#### Records for the task

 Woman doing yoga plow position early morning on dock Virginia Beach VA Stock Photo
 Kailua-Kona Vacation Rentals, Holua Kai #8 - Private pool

########
#### Records for the task

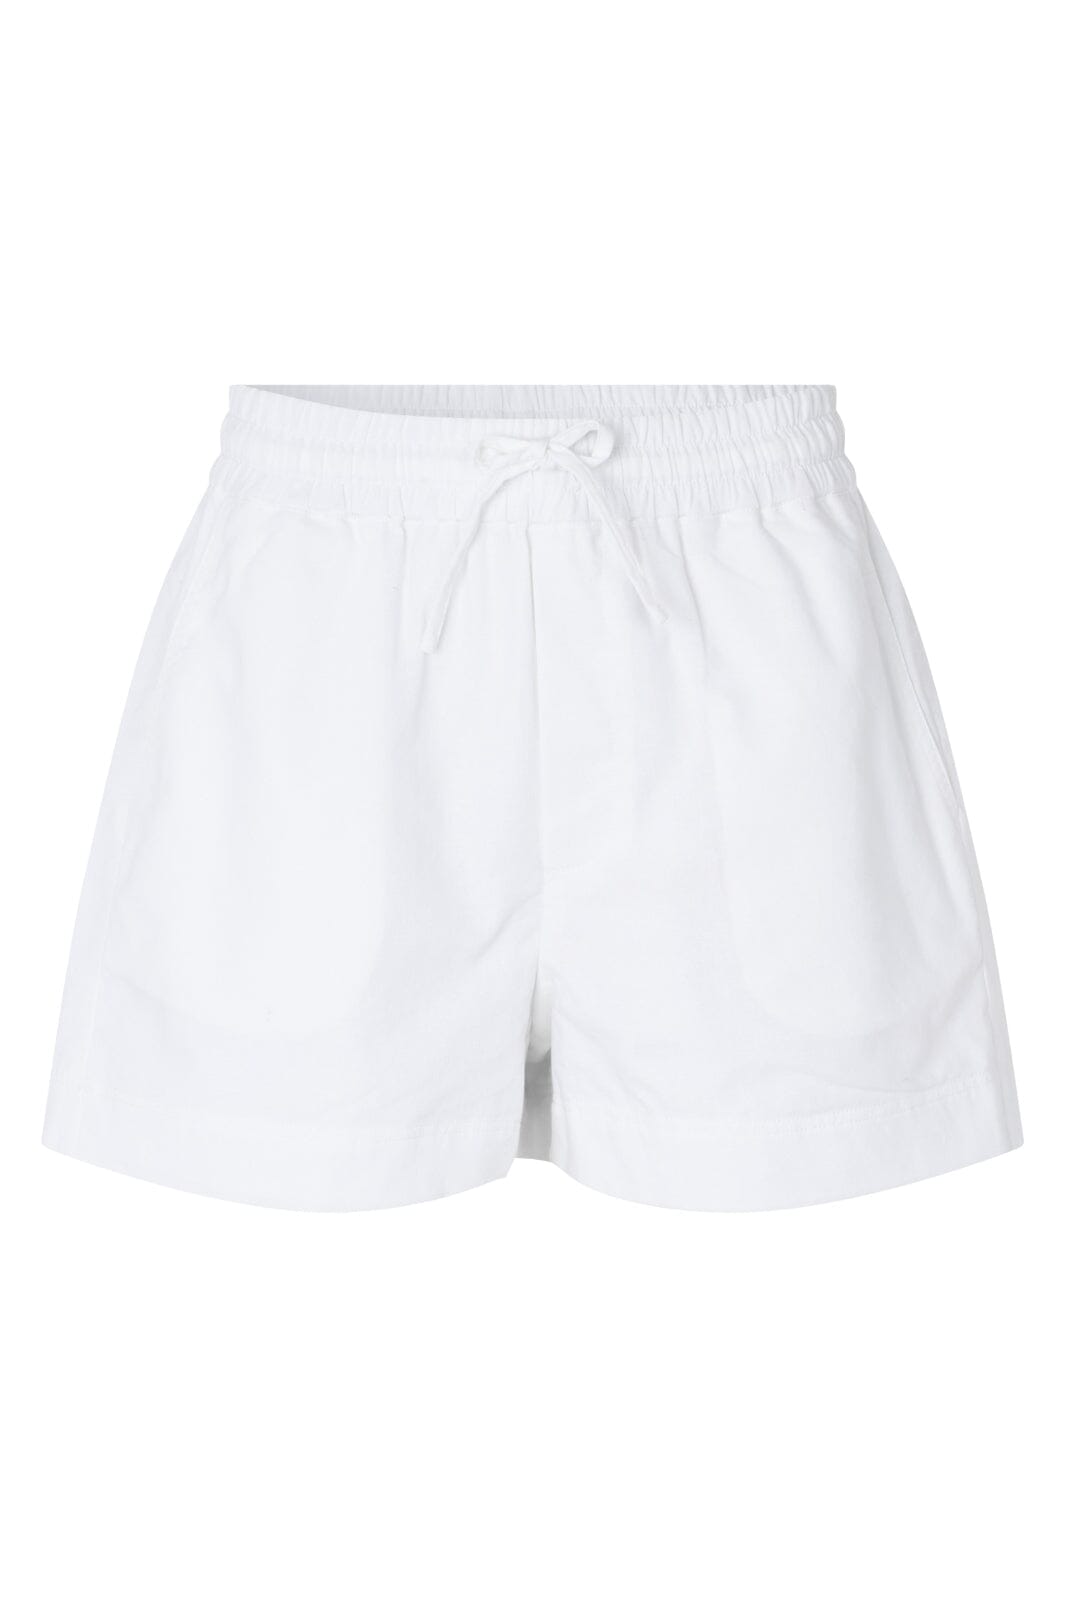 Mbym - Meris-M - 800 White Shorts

########
#### Records for the task

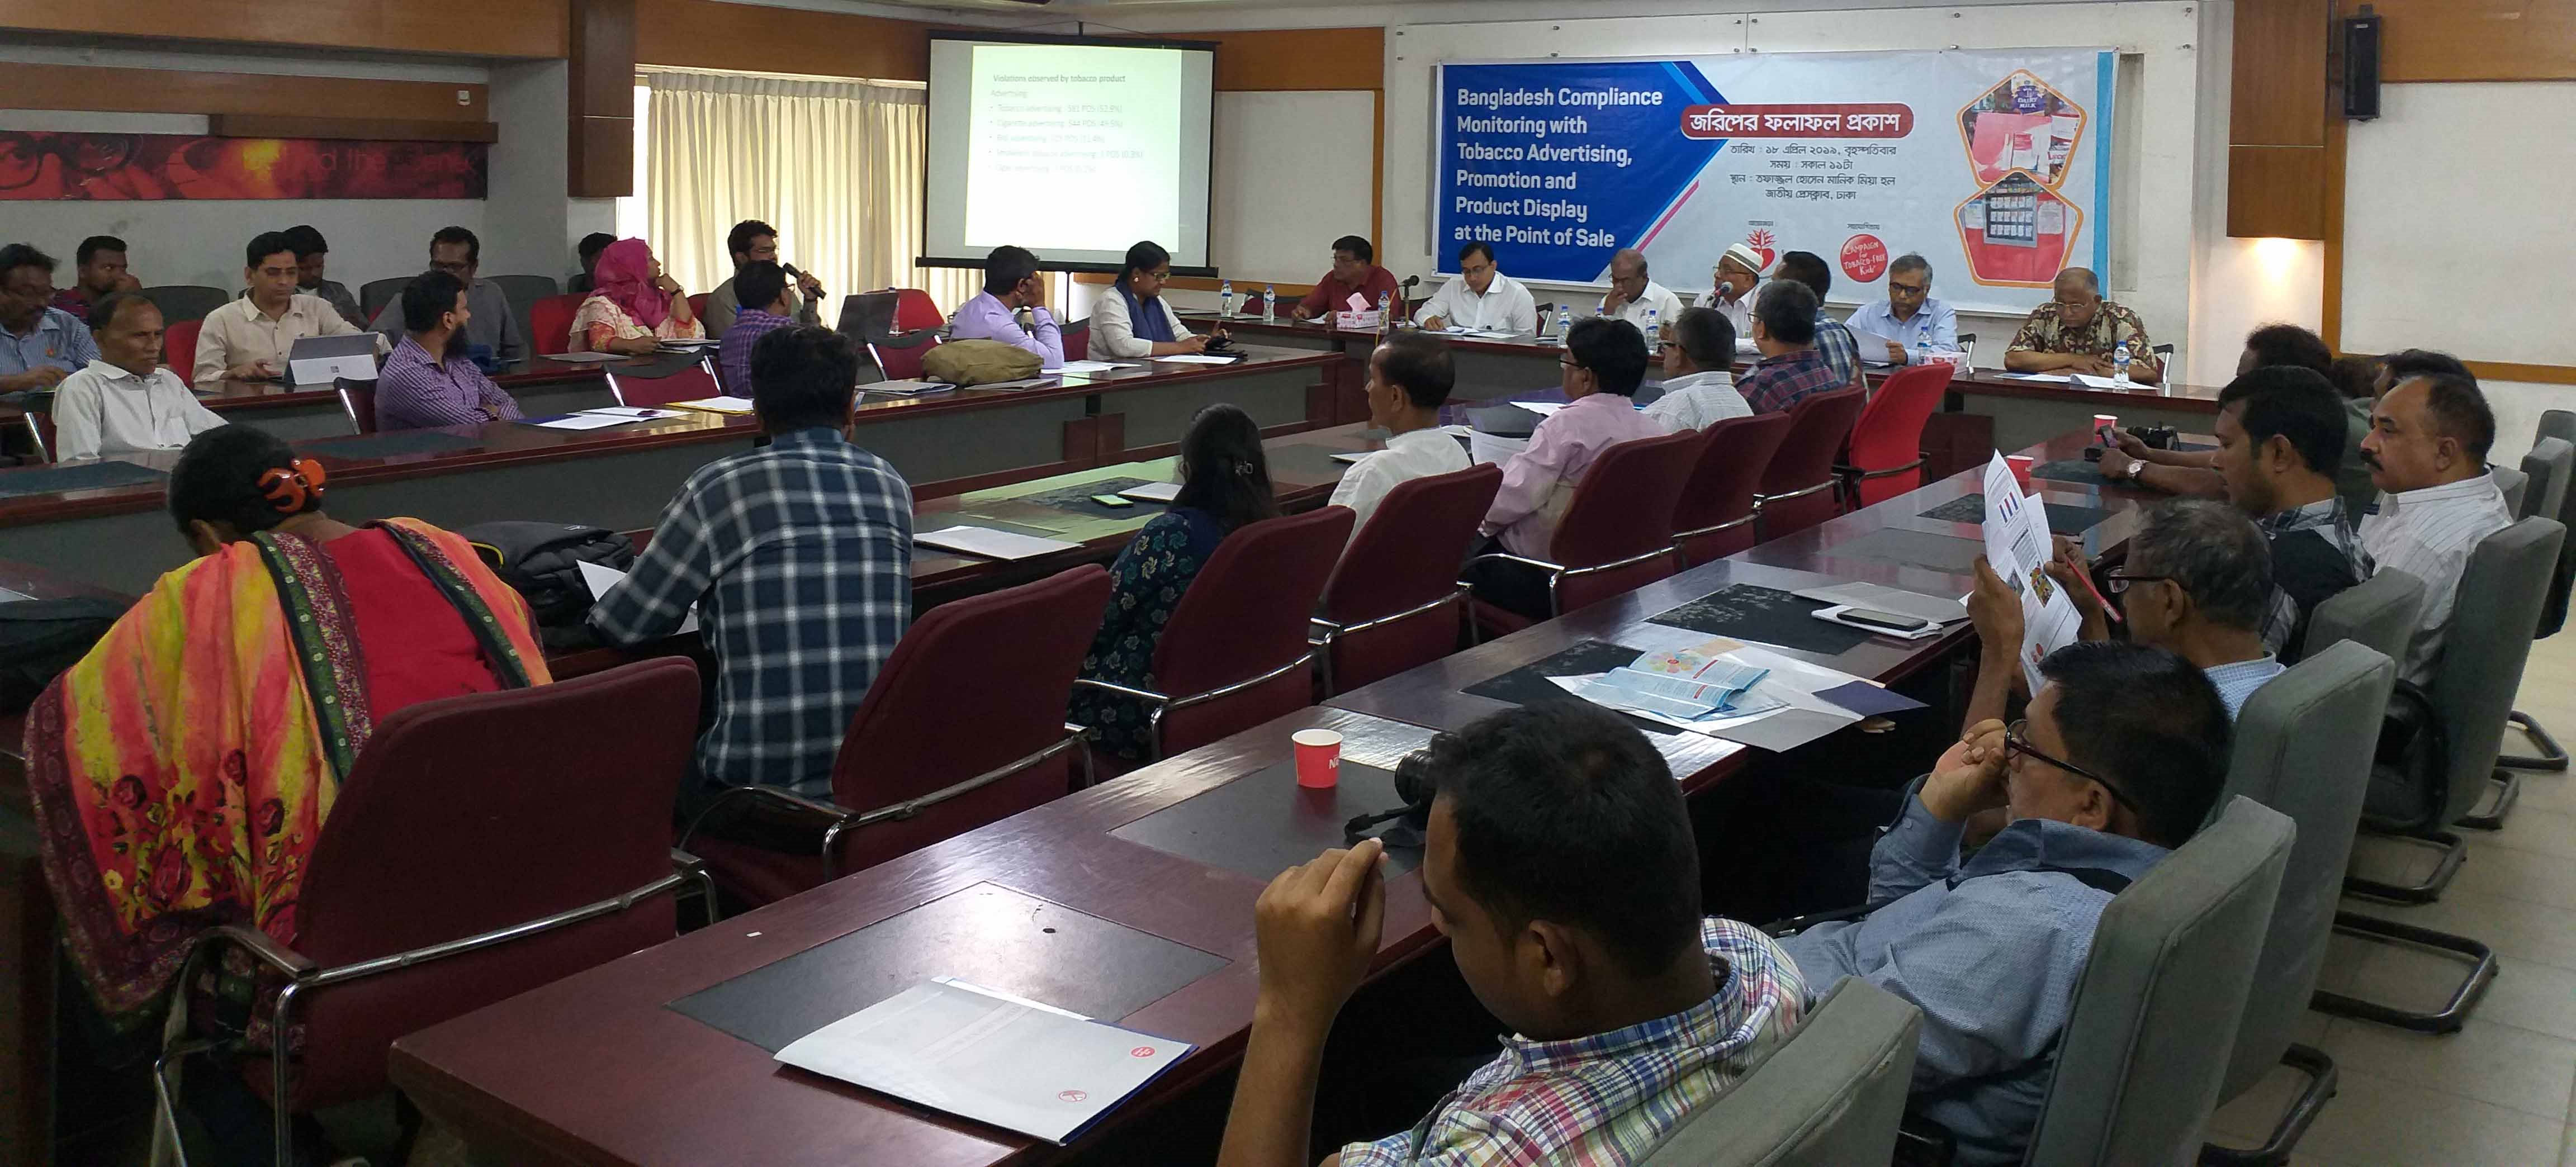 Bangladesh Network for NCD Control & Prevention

########

■ Problem description:
Starting with the line that holds "Woman doing yoga" and ending with the line that holds "Kailua-Kona Vacation Rentals, Holua", retype every line in the data above exactly, and nothing else.

■ Answer to this task:
 Woman doing yoga plow position early morning on dock Virginia Beach VA Stock Photo
 Kailua-Kona Vacation Rentals, Holua Kai #8 - Private pool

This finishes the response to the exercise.